Compu-Tech Intl.

The Role of Thin Film Vacuum Coating in Computers

August 29, 2014 by · Leave a Comment 

Thanks to thin film vacuum coatings, we can produce powerful semiconductors for a lower cost.

Semiconductors rely on conductive material to transfer electricity from one part of a computer to another. This process is constantly at work as you type behind your desk or even when you microwave your lunch for the day. Here is how thin film coatings help manufacturers build more powerful computers and electronics.

Thin Film Vacuum Coating

In order to create the parts needed inside of computers, manufacturers must make specific alterations to the materials they work with. This is how semiconductors conduct electricity. The circuit board isn’t built to naturally conduct electricity, so a thin film vacuum coating is used to cover the board in materials that conduct electricity.

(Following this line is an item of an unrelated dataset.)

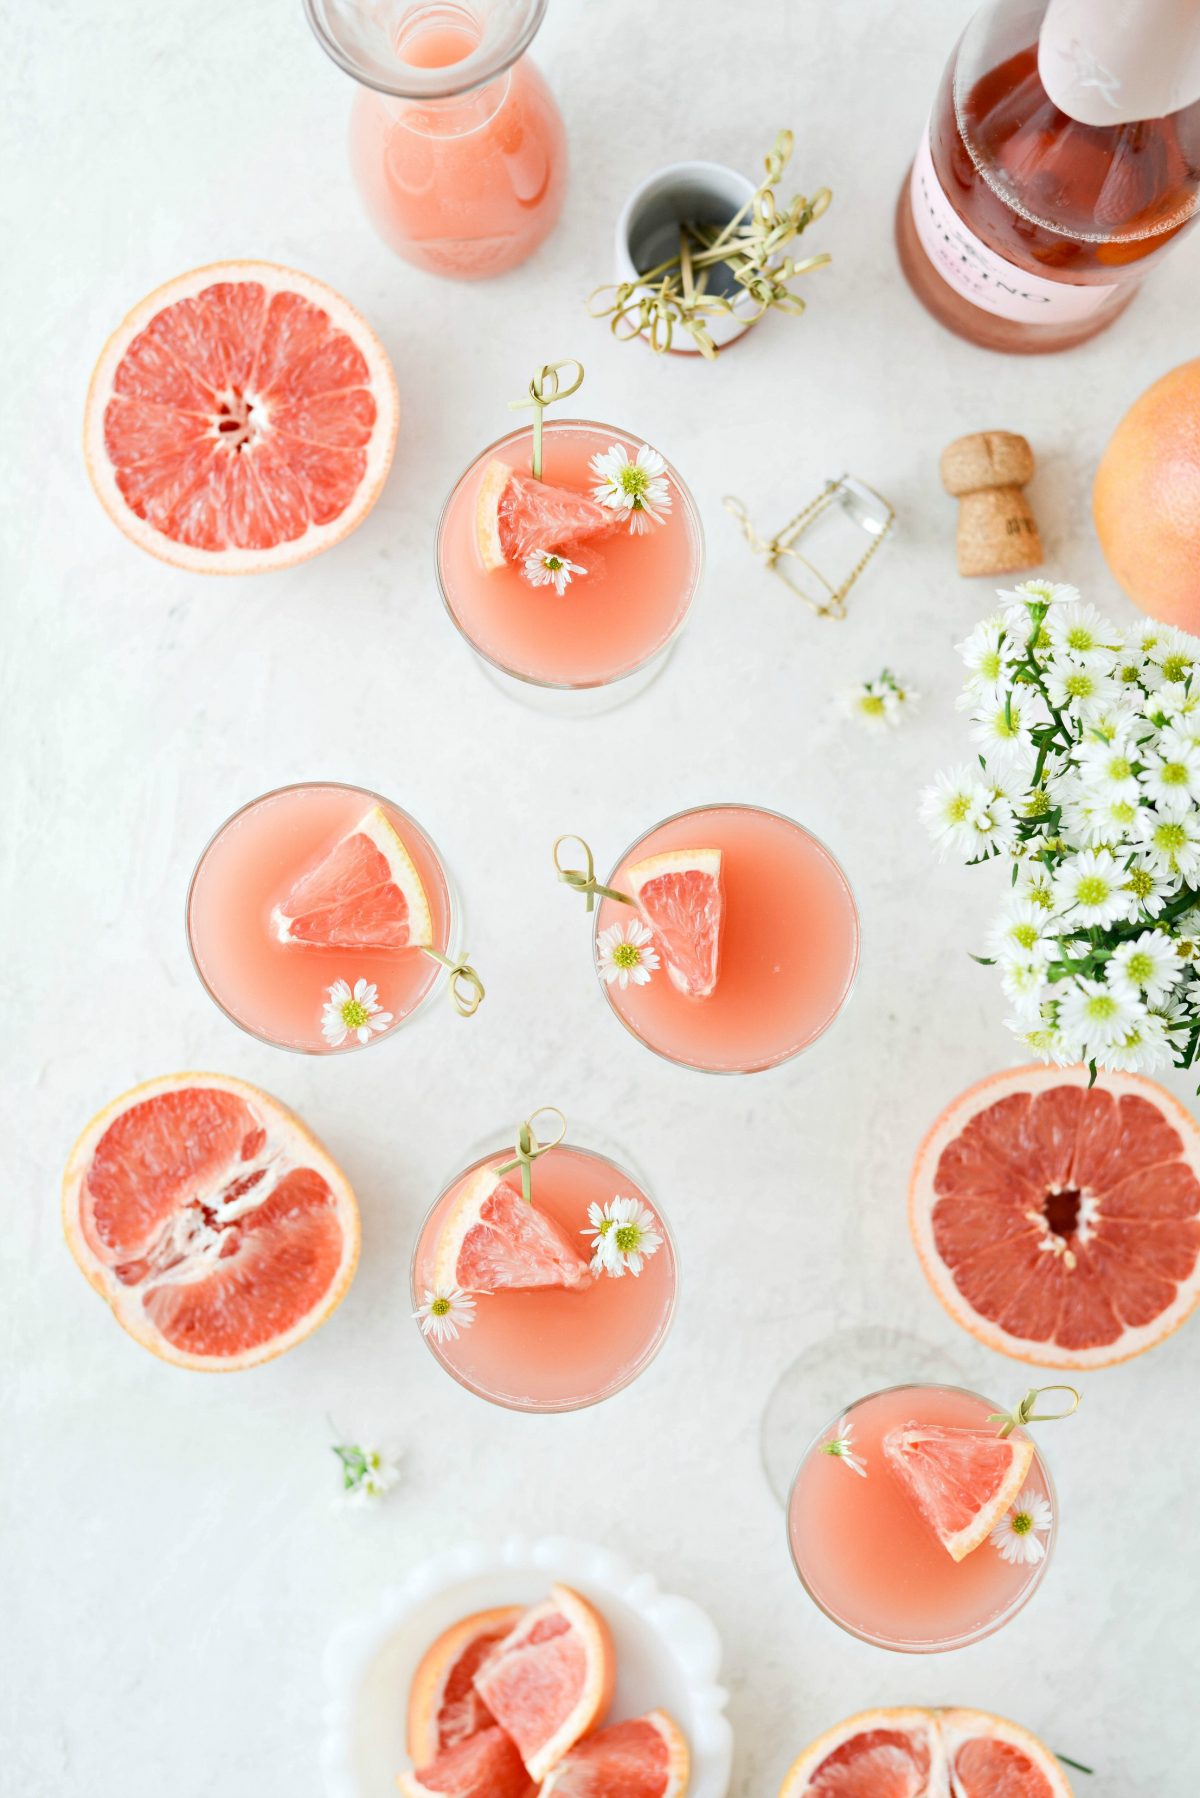 Greippirosé Mimosas l SimplyScratch.com #adult #beverage #greippi #rose #mimosa #easter #Brunssi #mothersday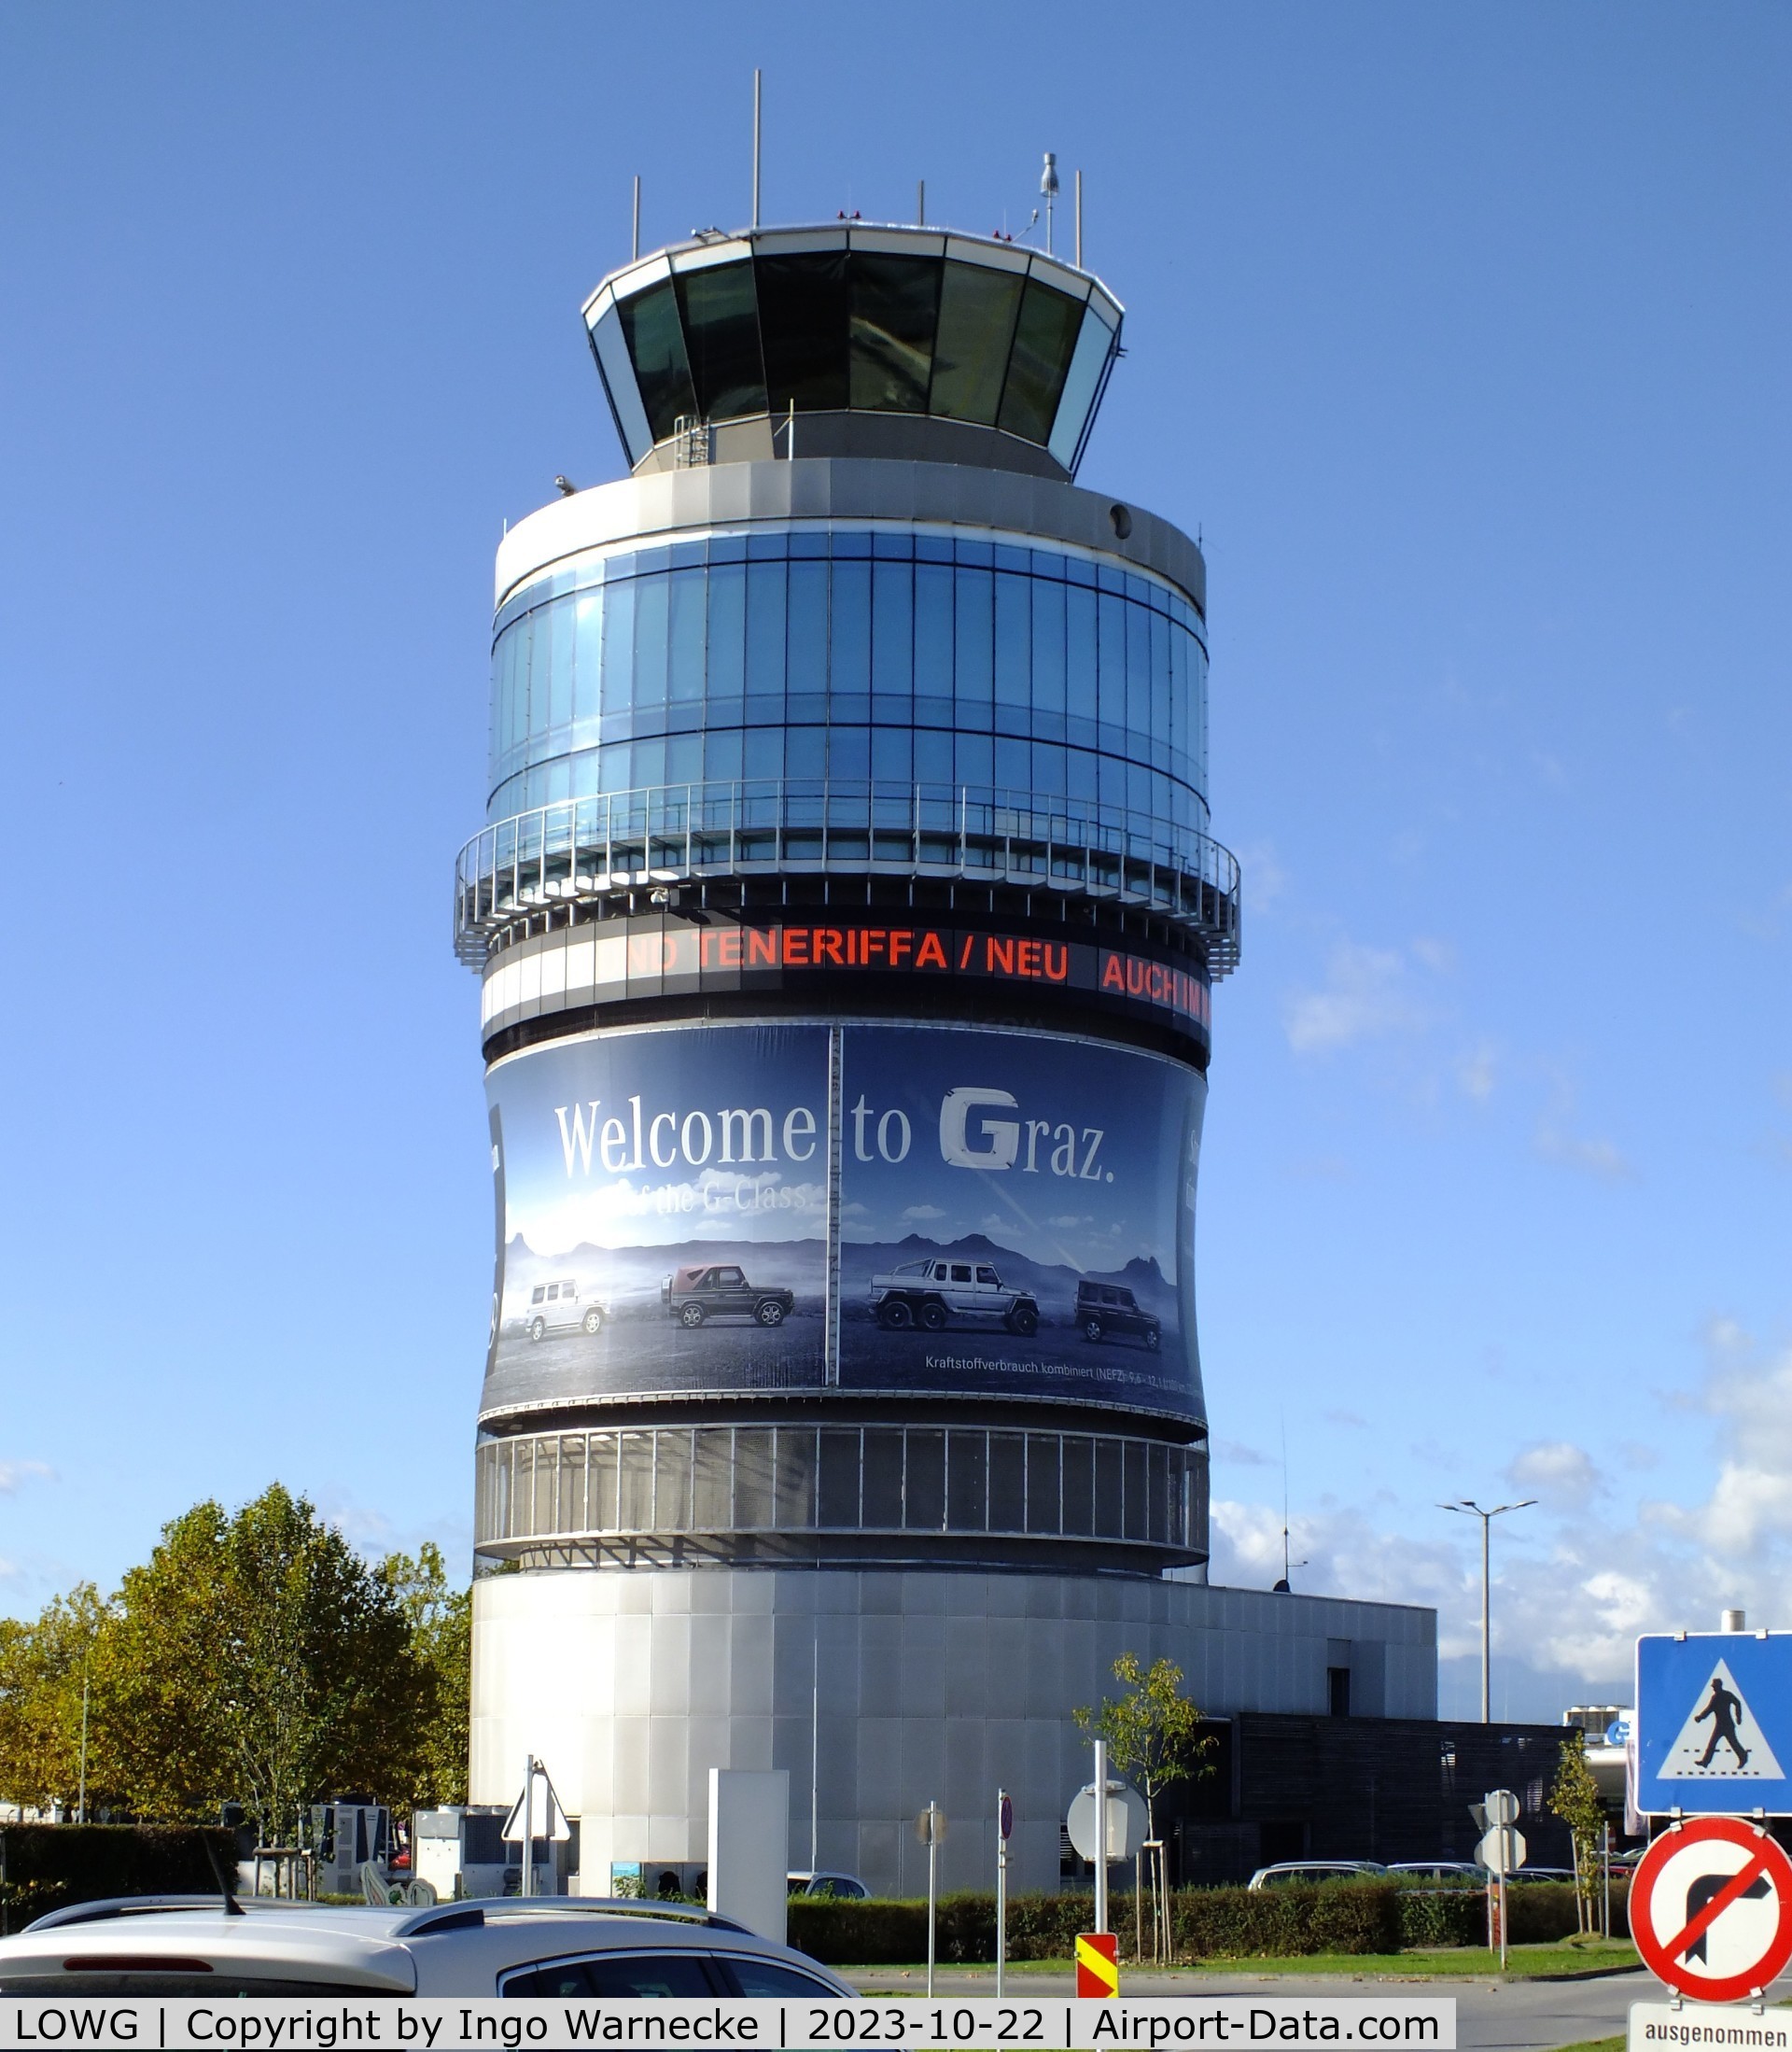 Graz Airport, Graz Austria (LOWG) - landside view of the tower at Graz airport

This technique can also metalize parts, which helps to drive down the costs of manufacturing. Small parts, like screws, can be built of plastic and then metalized.

Systems and Applications

The most obvious example of a sputter coater at work is the semiconductor, but it’s not the only one. The process is used in the guidance systems that power rockets headed to space. It’s also in the parts that help those rockets fly. Batteries can also use this technology for highly specialized activities. You will also see this technology at play in the medical sector, where it is used to coat devices that will be used in patients.

Final Thoughts

Thin film coatings are crucial to the development of computers, but the process finds applications elsewhere in manufacturing projects.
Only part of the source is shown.